Христос не запрещает радости жизни, просто во главу угла должно быть поставлено восхождение к их источнику, к Богу, с целью стяжать нечто большее — благодать. А коли так, возникает вопрос меры, вопрос приоритетов. Какова в вашей жизни мера косметики, развлечений, путешествий? Тут общего ответа не найти, тут, чтобы ощутить эту меру лично для себя, нужна более-менее упорядоченная церковная жизнь, нужны советы духовника.

Поэтому, я думаю, не стоит вот так сразу порицать всех, кто, казалось бы, чересчур заботится о себе, — попытаемся их понять. В урбанистическую эпоху люди слишком одиноки, а потому хотя бы в своем внутреннем мире пытаются казаться моложе, чем на самом деле. К тому же, браков все меньше, детей рожают реже — а значит, одиноких становится все больше. И люди начинают бояться одиночества. Многие пожилые горожане сейчас живут без детей, без родных. И они просто физически боятся, что заболеют, а ухаживать будет некому.

Потому многие сегодня так помешались на здоровье. А подспудно человек просто хочет вернуться в рай. И чувство, будто все дороги перед тобой открыты и все сердца покорены, создает эту эфемерную иллюзию.

Не стоит забывать, что косметика одного корня со словом космос, означающим в древнегреческом «убранство, порядок». Так вот пространство, космос души не менее важен, чем внешний «прикид». Как очень точно сказал Владимир Зелинский: «Церковь юнеет в своих старухах». Это удивительная молодость — не внешняя, а внутренняя. Она свойственна всерьез воцерковленным людям. Именно такой внутренней красоты, внутренней гармонии подспудно ищут многие — но как найти, не знают. Потому и волосы красят, и в молодежные наряды одеваются. Но обычно это приводит лишь к разочарованию. Оттого сейчас так распространена депрессия.

— А почему именно «сейчас»? Все-таки в нашем времени есть что-то, усиливающее эти тенденции?

— Дело здесь не в прогрессе как таковом, но, скорее, в культуре, в тех целях, которые ставит перед собой европейская цивилизация. Культ моложавости — лишь следствие пути, которым она идет вот уже несколько веков, одно из проявлений ее кризиса.

Культурологи делят цивилизации на два типа — сотериологические и гедонистические. Критерий — вопрос о том, ради чего человек живет на земле. Если только ради наслаждения и счастья в этой земной жизни, — перед нами гедонистическая цивилизация, если же самое главное совершается в посмертии, то это цивилизация сотериологическая. Легко привести примеры. Древний Египет — цивилизация сотериологическая, Рим эпохи упадка — гедонистическая.

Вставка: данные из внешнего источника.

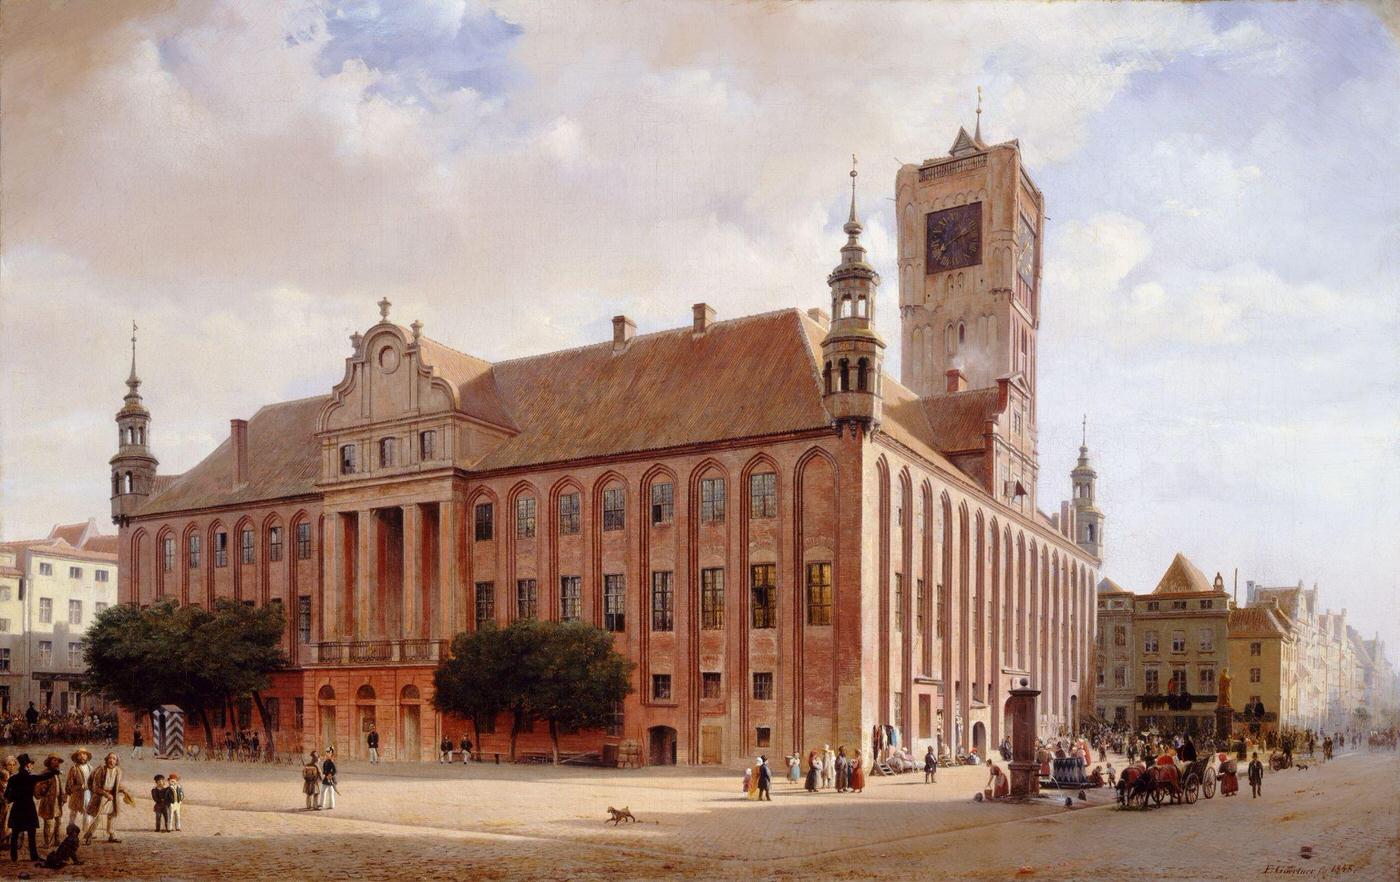 City Hall at Thorn, 1848, artist Eduard Gaertner.
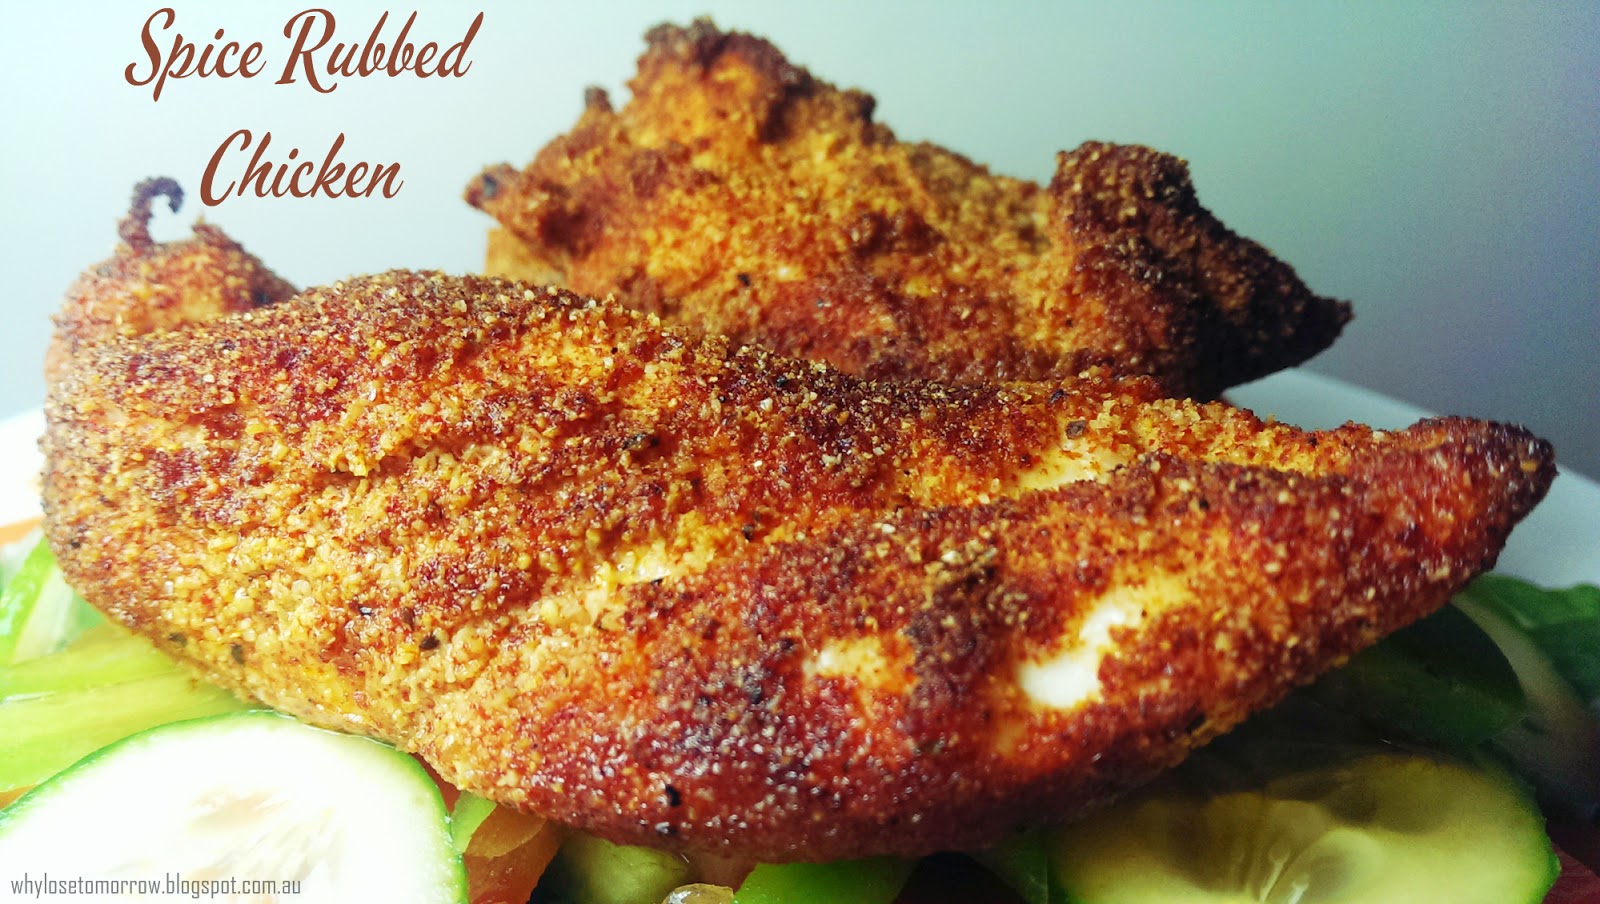 Why Lose Tomorrow?: Spice Rubbed Chicken - Paleo Recipe

СССР — тоже, кстати, пример гедонистической идеологии, которая исходила из того, что реальность универсума исчерпывается миром материи, никакого духа нет, а тем самым нет и посмертия. И неслучайно, проектируя рай на земле, большевики до неузнаваемости исказили все глубинные архетипы народа — в образах смерти, рождения и брака. Если погребение издревле уподоблялось сеянию, то уже в 1921 году Корней Чуковский описывает, как в Петрограде бани переоборудовали в крематории, куда комиссары вместе с красной интеллигенцией ездили смотреть на сжигание трупов. Тогда же была крайне упрощена процедура развода. Женились по нескольку раз в год, что привело к росту венерических заболеваний и числа беспризорников. Впервые в истории человечества были полностью легализованы аборты. А затем, по мысли Ясперса, те, кто научился предавать «партнеров» и убивать нерожденных детей, органично вошли в ряды доносчиков и исполнителей приговоров. Гедонизм обернулся ГУЛАГом.

И наша современная европейская цивилизация по мере дехристианизации все более сползает к гедонистическом типу. Ее манифестом могут служить слова апостола Павла: «По рассуждению человеческому… какая мне польза, если мертвые не воскресают? Станем есть и пить, ибо завтра умрем!» (1 Кор 15:32).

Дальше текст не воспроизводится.